DATA EXTRACT:
□ □ □ □

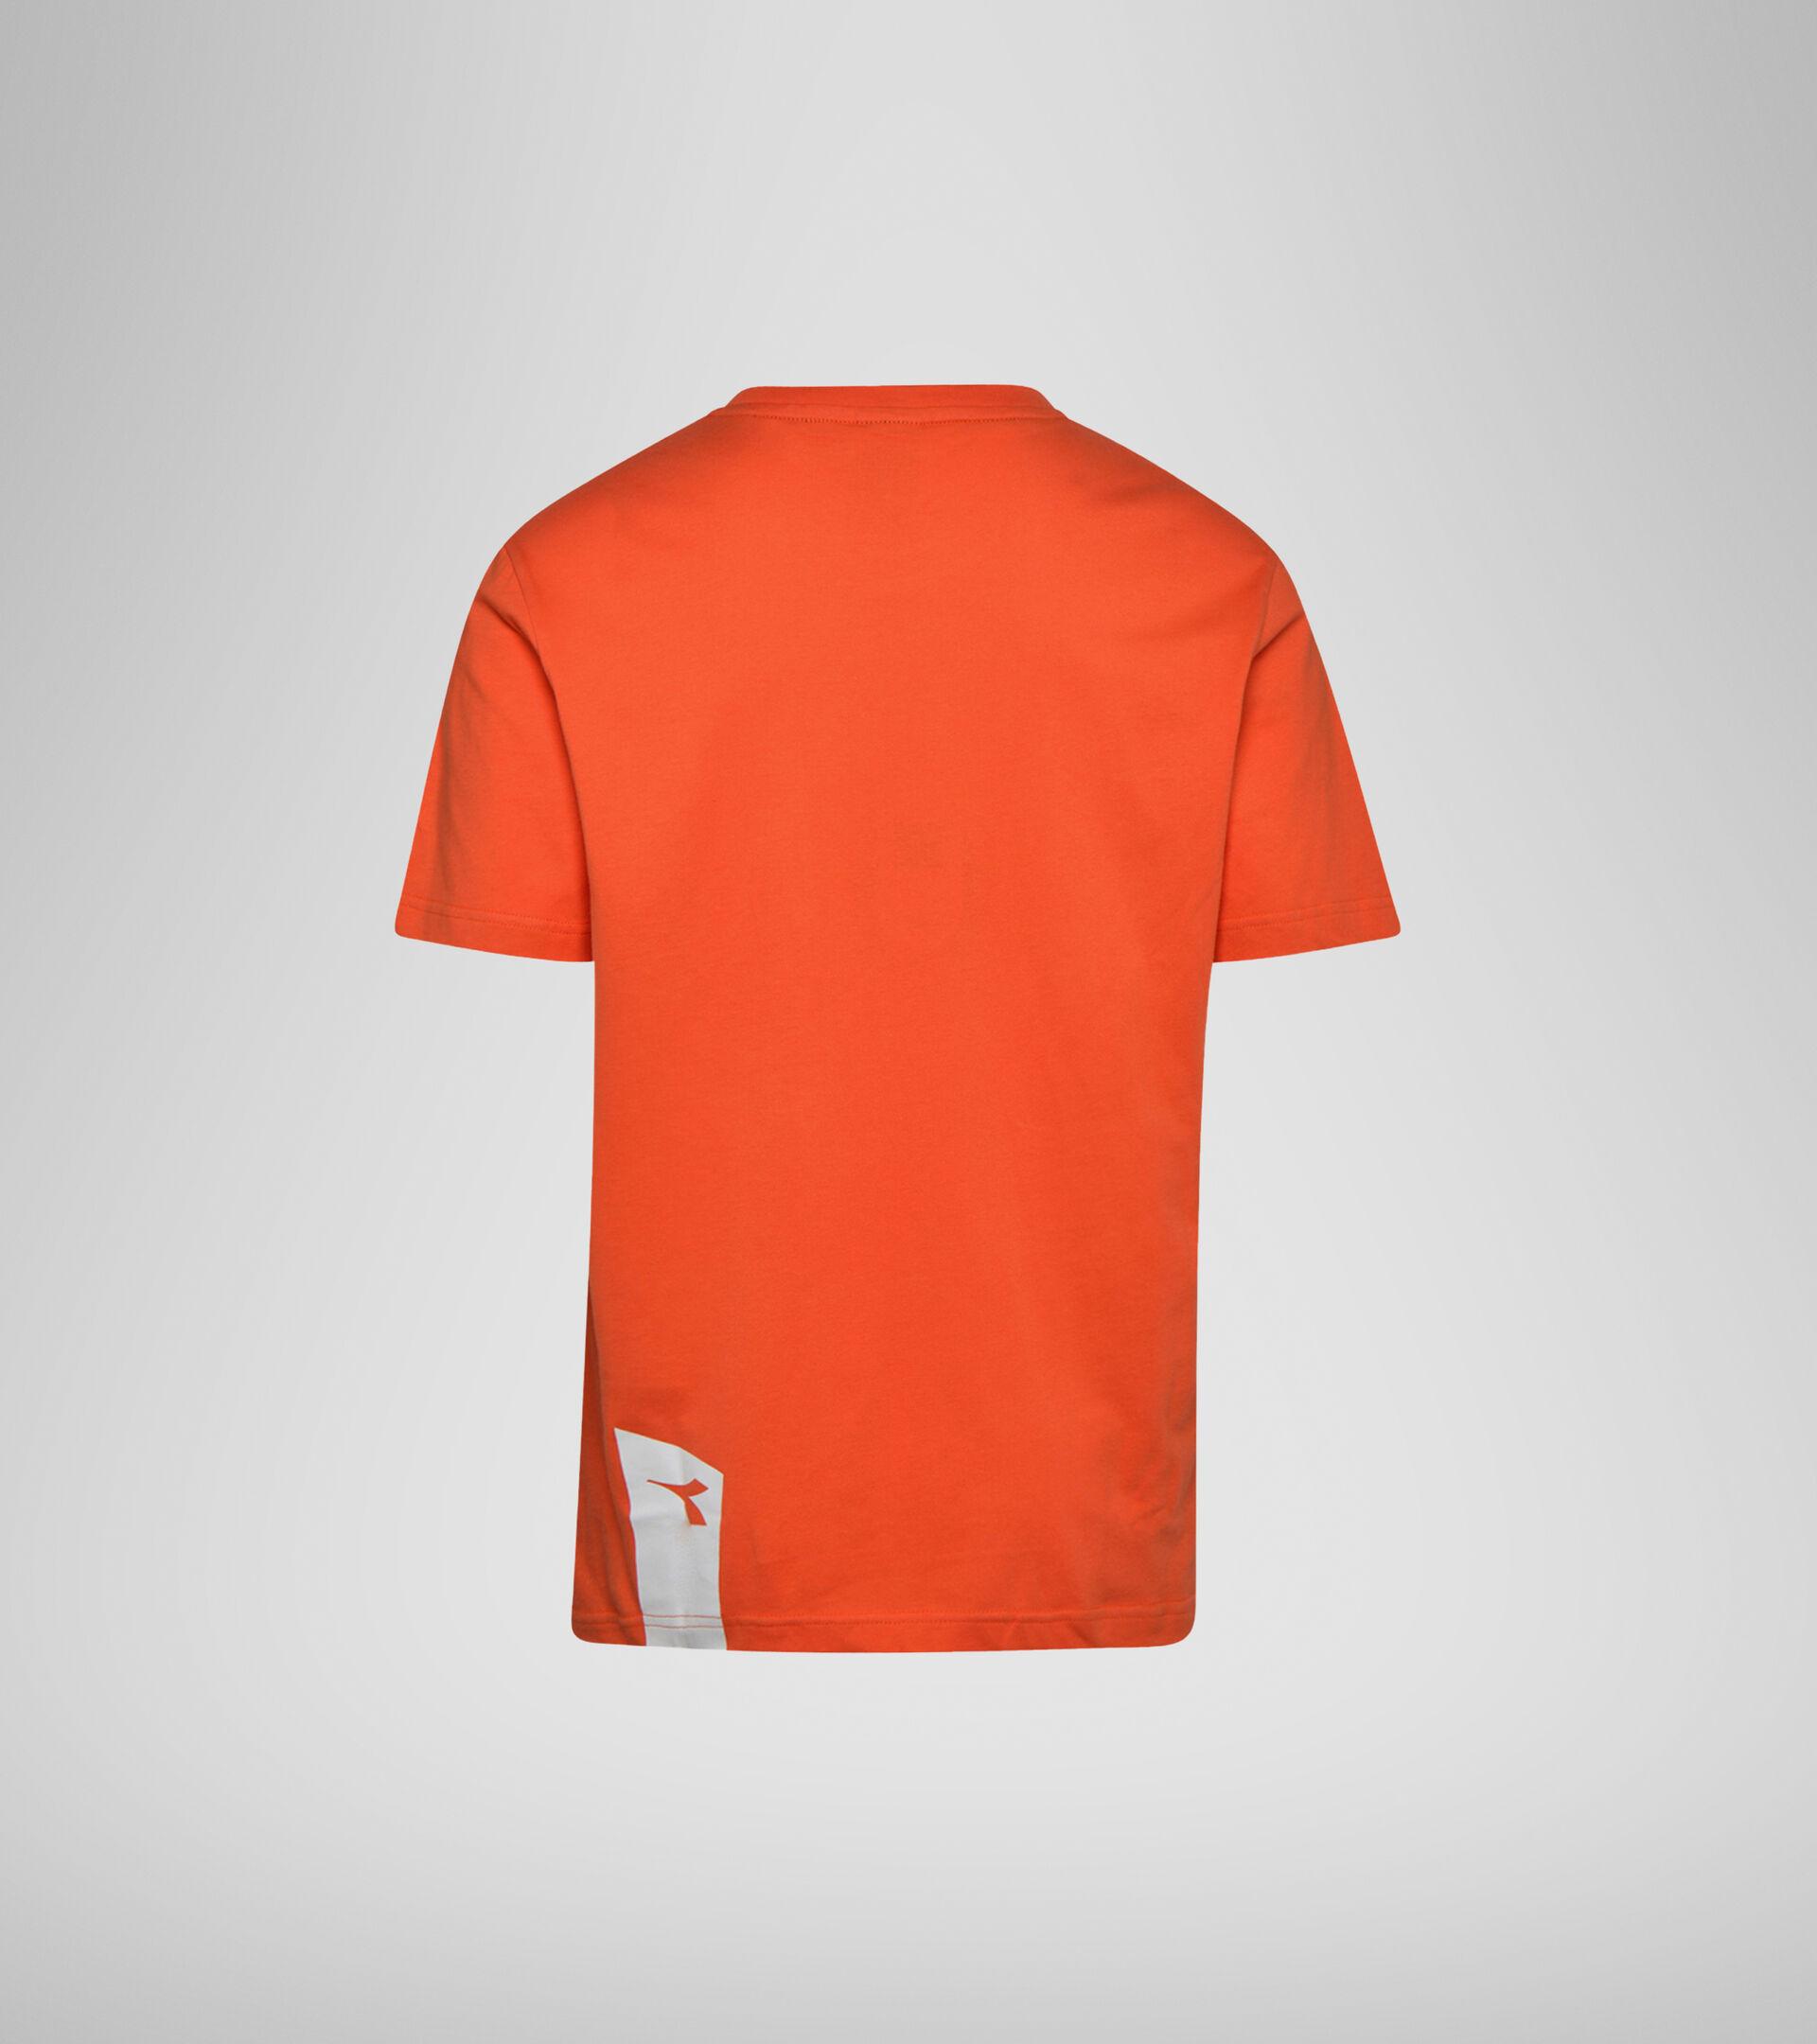 Apparel Sportswear UOMO T-SHIRT SS ICON ARANCIATA Diadora
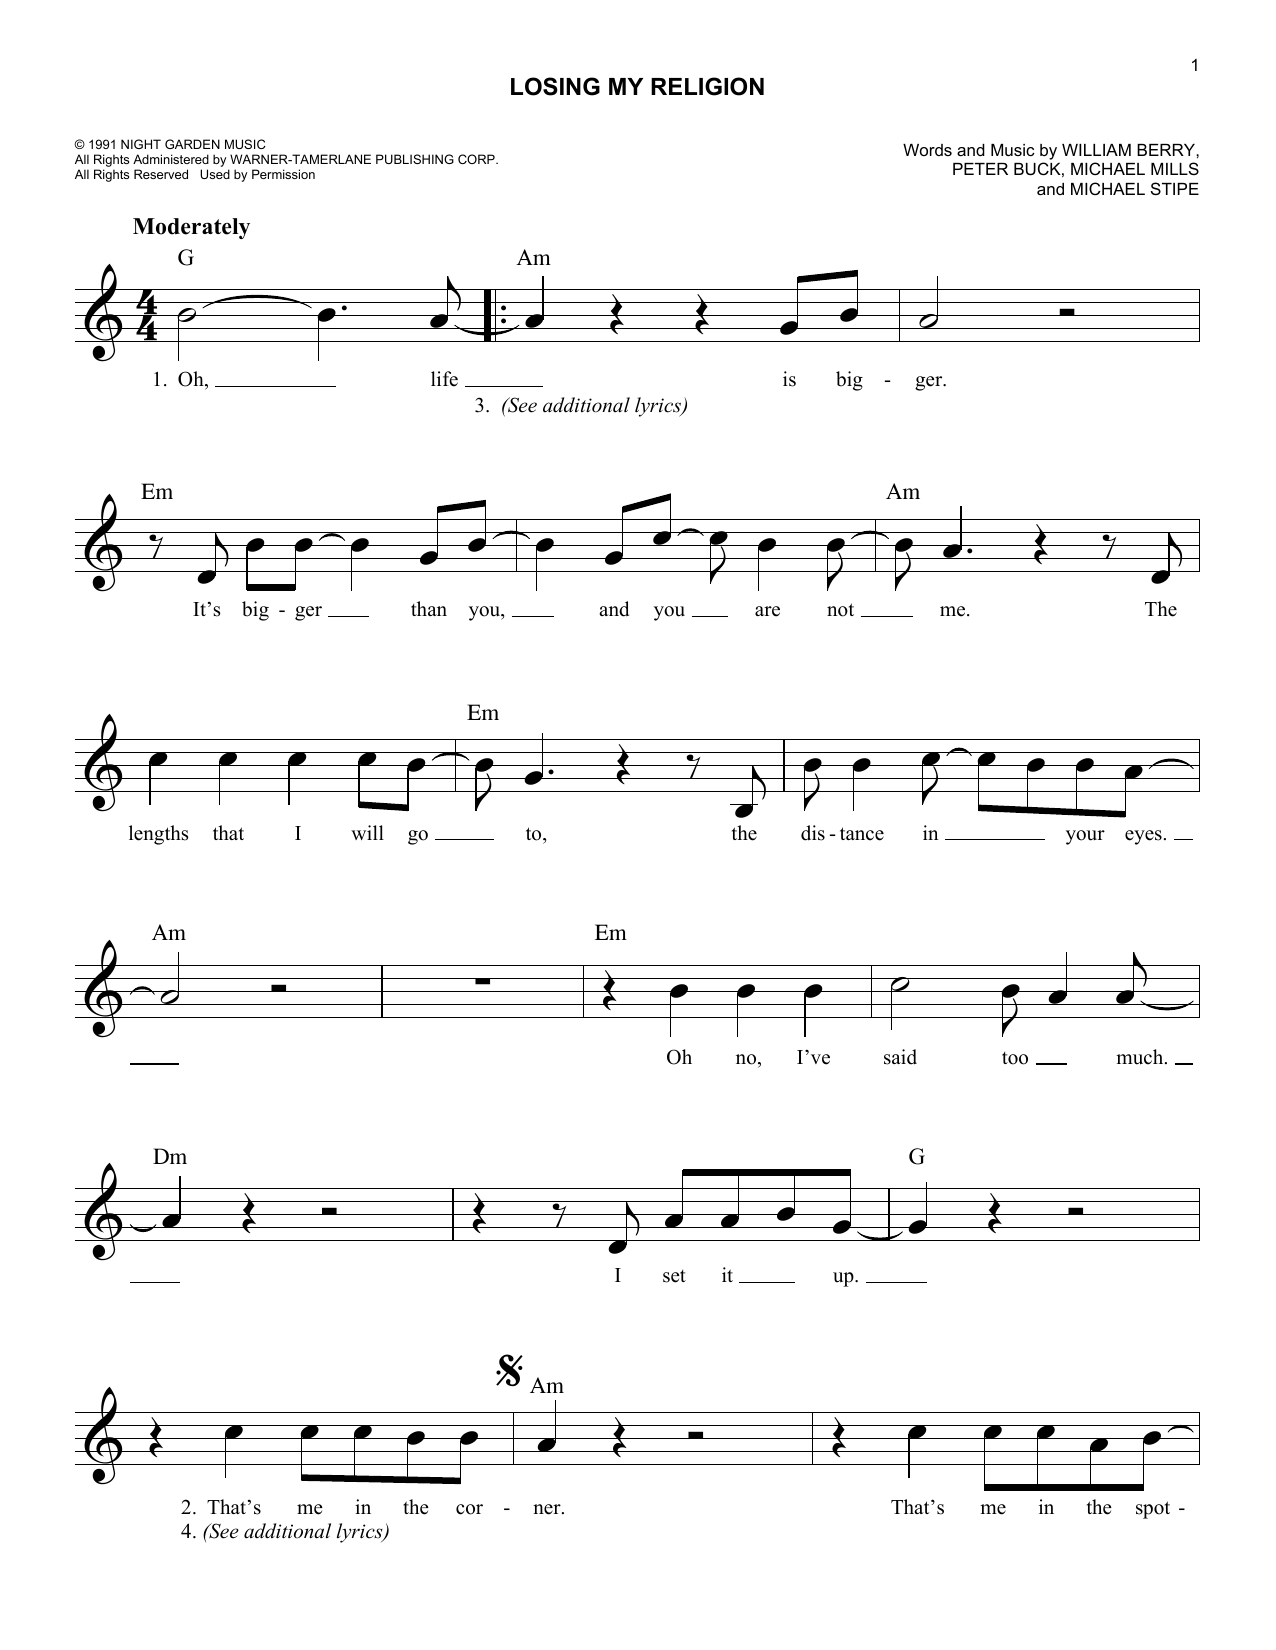 Sheet music digital files to print licensed michael stipe losing my religion hexwebz Images
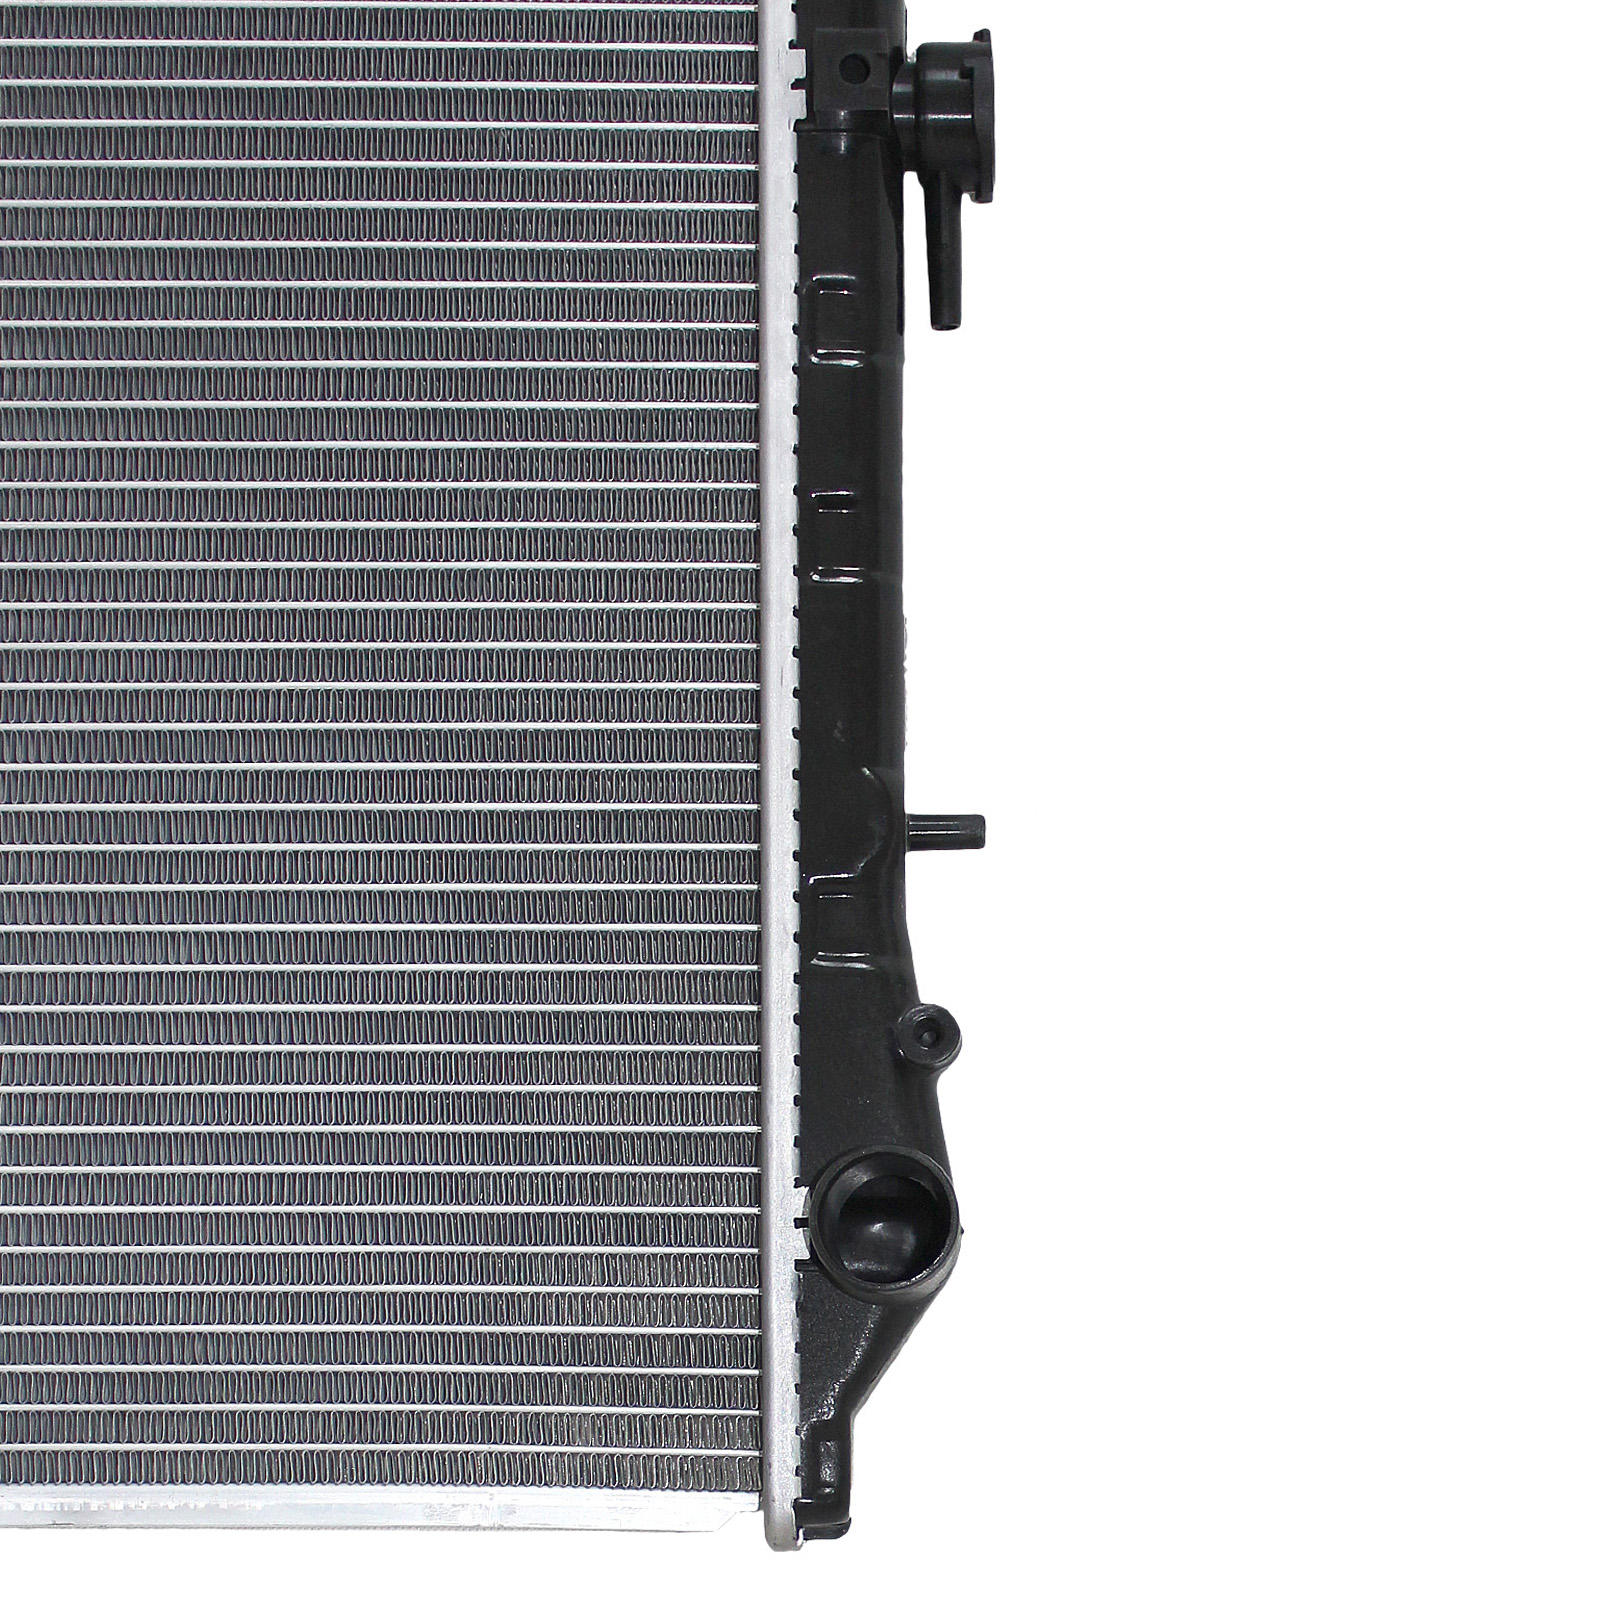 New Radiator For 90-96 Nissan 300ZX 3.0L V6 OEM 21460-30P10

□ □ □ □

WORK TO COMPLETE: Everything in the listing should be repeated exactly except the pictures.

WRITTEN RESPONSE:
 Apparel Sportswear UOMO T-SHIRT SS ICON ARANCIATA Diadora
 Sheet music digital files to print licensed michael stipe losing my religion hexwebz Images
 New Radiator For 90-96 Nissan 300ZX 3.0L V6 OEM 21460-30P10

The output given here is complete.